There are other patterns that look scary to me. Surely these two are bad as well:
*cbi* *CI*
Given I'm currently looking at project/bundles with names like org.eclipse.cbi.*, I really would not be happy if those such bundles are selectively excluded from p2 repositories. I think we should be careful with any patterns apply to files, not just to folders, that they don't selectively exclude a file that could be in a p2 repository.
All these are suspect, especially ones that start and end with *.
I tested a few patterns with find on download.eclipse.org:
*cbi* pattern is too wide and not very useful.
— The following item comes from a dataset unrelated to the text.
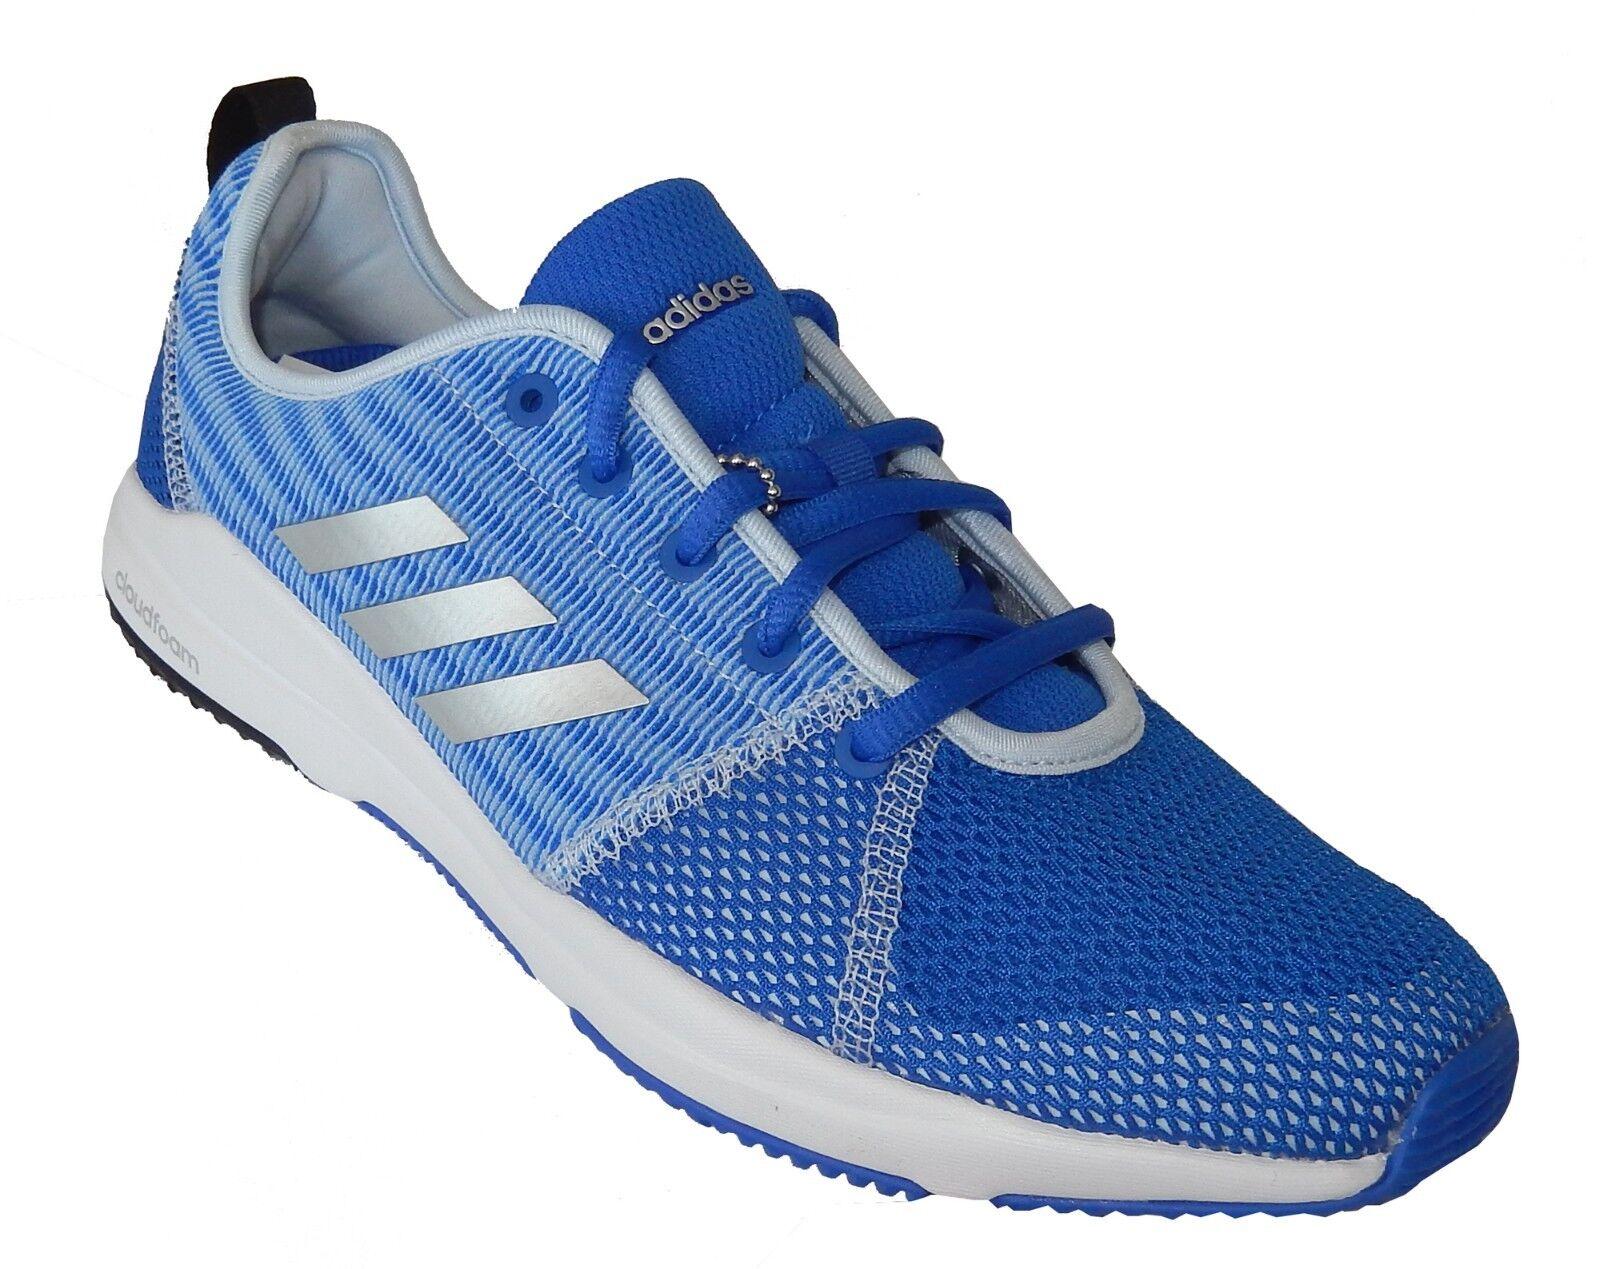 Adidas Women's Arianna Cloudfoam Running shoes

For example, it excludes files like
/home/data/httpd/download.eclipse.org/modeling/mdt/papyrus/updates/releases/2021-09/5.2.0/toolsmiths/plugins/org.eclipse.cbi.p2repo.aggregator_1.0.300.20200825-1205.jar (it might be debatable, if those plugins should be part of the papyrus update site).
Out of ~2900 pattern matches on downloads.eclipse.org, ~2200 matches refer to cbi.p2repo.aggregator files that are part of I-Builds and therefore are excluded from mirroring anyway.
*ci* is too wide, as it matches files that include the following words: ascii, reconciler, tracing, principal
*CI* is too wide, as it matches files like /home/data/httpd/download.eclipse.org/modeling/gmp/updates/releases/features/org.eclipse.gmf.runtime.notation.sdk_1.6.0.v20120327-2213-47F08xGD6FxMBN7CJFV3CIKK9t84.jar. *CI/ would be better, it currently matches:
*-dev* is too wide, as it matches files like /home/data/httpd/download.eclipse.org/chess/core/releases/devel/CHESS-devel_2111221039-linux.gtk.x86_64.zip
for release names like *galileo*, etc it's probably better to exclude only directories like *galileo/, otherwise individual files like /home/data/httpd/download.eclipse.org/releases/neon/201612211000/plugins/org.eclipse.rcptt.updates.galileo_2.1.0.201510050740.jar are excluded.
I tried to archive the m2e-milestones directory (and its content) at
https://download.eclipse.org/technology/m2e/milestones/ with the intention to delete it. But moving it to archives failed with the following message:
(Folder cannot be archived: failed with 256. Please contact webmaster.)
When looking into the milestones directory I noticed that all but the 1.5 and 1.6 sub-directories were moved.
In the archives the 1.5 and 1.6 sub-directory as well as the other directories are present, so it looks like it just failed to delete those two sub-directories.
Furthermore I noticed that the content of https://download.eclipse.org/technology/m2e/milestones/ was moved to the following address: https://archive.eclipse.org/technology/m2e/milestones/milestones/
I think the second milestones path element is wrong, isn't it?
Before I tried to delete the milestones directories via the Jenkins-CI but it failed due to missing permissions (the owner is another committer of m2e). For details regarding that effort, see https://github.com/eclipse-m2e/m2e-core/issues/224
@hwellmannwr6 I've fixed the permissions, so you should be able to clean up via CI. Indeed, moves when the target exists is problematic. Please let me know if you want me to clean up by specifying which directories should be deleted, and which should be archived.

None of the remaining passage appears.